Telemetry (OpenTelemetry / Signoz)
All services export traces and metrics via OpenTelemetry. If Signoz is deployed (global.signoz.deployed: true), use its UI for distributed tracing across services.
# Check if OTEL is configured
kubectl exec -n crs <pod> -- env | grep OTEL
# Verify Signoz pods are running (if deployed)
kubectl get pods -n platform -l app.kubernetes.io/name=signoz
Traces are especially useful for diagnosing slow task processing, identifying which service in a pipeline is the bottleneck, and correlating events across the scheduler -> build-bot -> fuzzer-bot chain.
Volume and Storage
# PVC status
kubectl get pvc -n crs
# Check if corpus tmpfs is mounted, its size, and backing type
kubectl exec -n crs <pod> -- mount | grep corpus_tmpfs
kubectl exec -n crs <pod> -- df -h /corpus_tmpfs 2>/dev/null
# Check if CORPUS_TMPFS_PATH is set
kubectl exec -n crs <pod> -- env | grep CORPUS
# Full disk layout - what's on real disk vs tmpfs
kubectl exec -n crs <pod> -- df -h
CORPUS_TMPFS_PATH is set when global.volumes.corpusTmpfs.enabled: true. This affects fuzzer-bot, coverage-bot, seed-gen, and merger-bot.
Deployment Config Verification
When behavior doesn't match expectations, verify Helm values actually took effect:
# Check a pod's actual resource limits
kubectl get pod -n crs <pod-name> -o jsonpath='{.spec.containers[0].resources}'
# Check a pod's actual volume definitions
kubectl get pod -n crs <pod-name> -o jsonpath='{.spec.volumes}'
Helm values template typos (e.g. wrong key names) silently fall back to chart defaults.
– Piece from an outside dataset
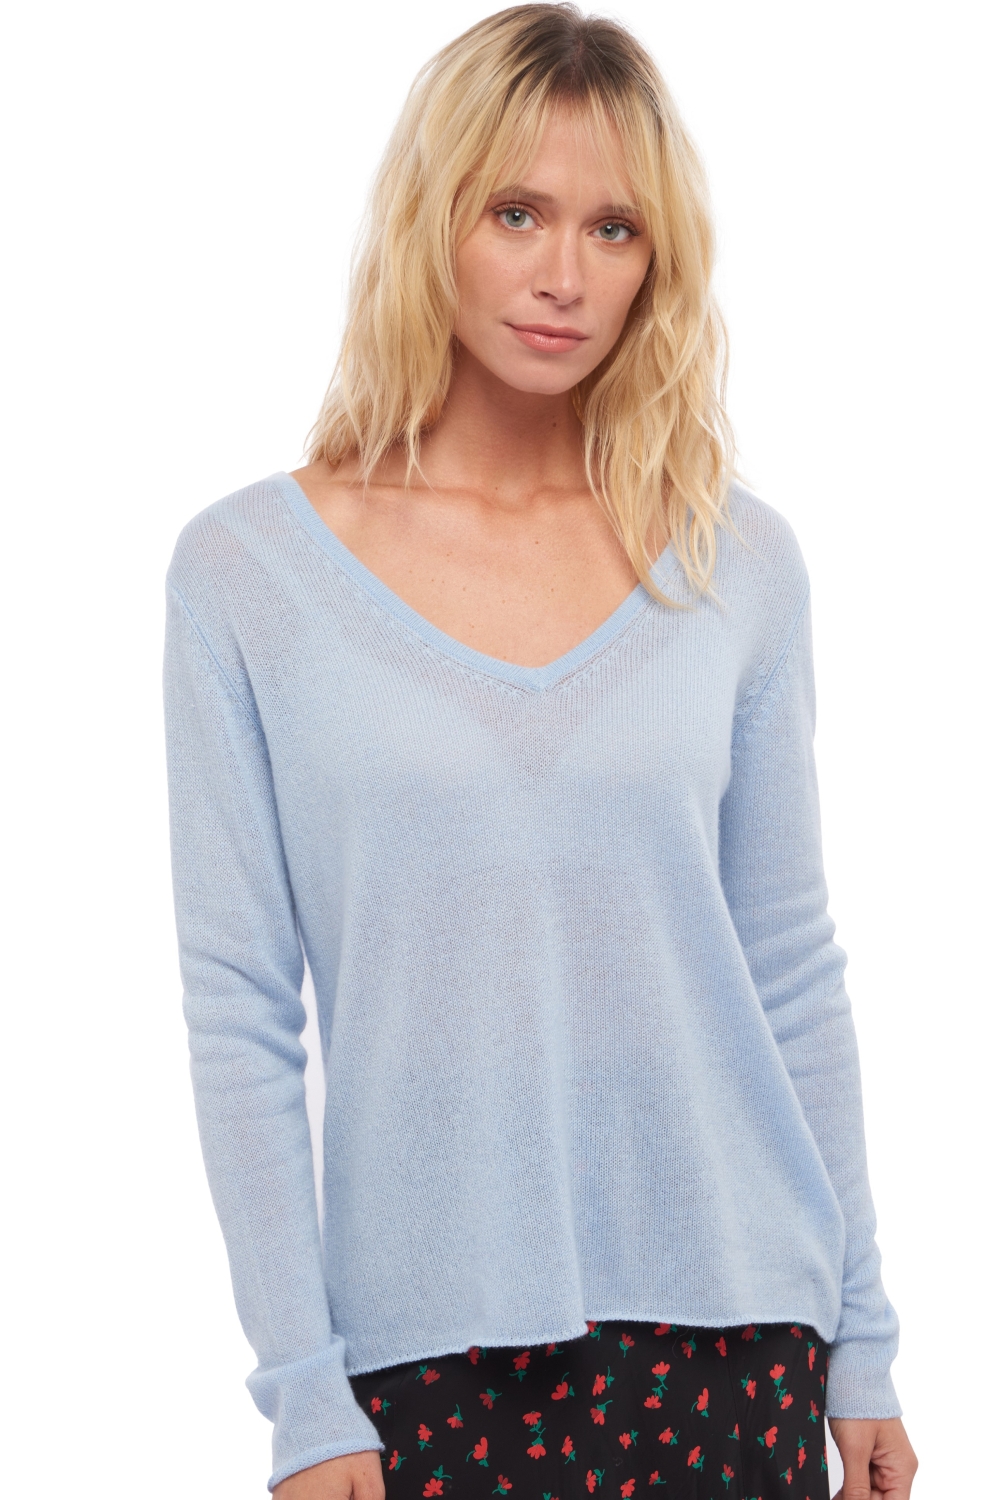 Cashmere ladies basic sweaters at low prices flavie ciel xs

If deployed resources don't match the values template, check for key name mismatches.
Service-Specific Debugging
For detailed per-service symptoms, root causes, and fixes, see references/failure-patterns.md.
Quick reference:
- DinD:
kubectl logs -n crs -l app=dind --tail=100-- look for docker daemon crashes, storage driver errors - Build-bot: check build queue depth, DinD connectivity, OOM during compilation
- Fuzzer-bot: corpus disk usage, CPU throttling, crash queue backlog
- Patcher: LiteLLM connectivity, LLM timeout, patch queue depth
- Scheduler: the central brain --
kubectl logs -n crs -l app=scheduler --tail=-1 --prefix | grep "WAIT_PATCH_PASS\|ERROR\|SUBMIT"
Diagnostic Script
Run the automated triage snapshot:
bash {baseDir}/scripts/diagnose.sh
Pass --full to also dump recent logs from all pods:
bash {baseDir}/scripts/diagnose.sh --full
This collects pod status, events, resource usage, Redis health, and queue depths in one pass.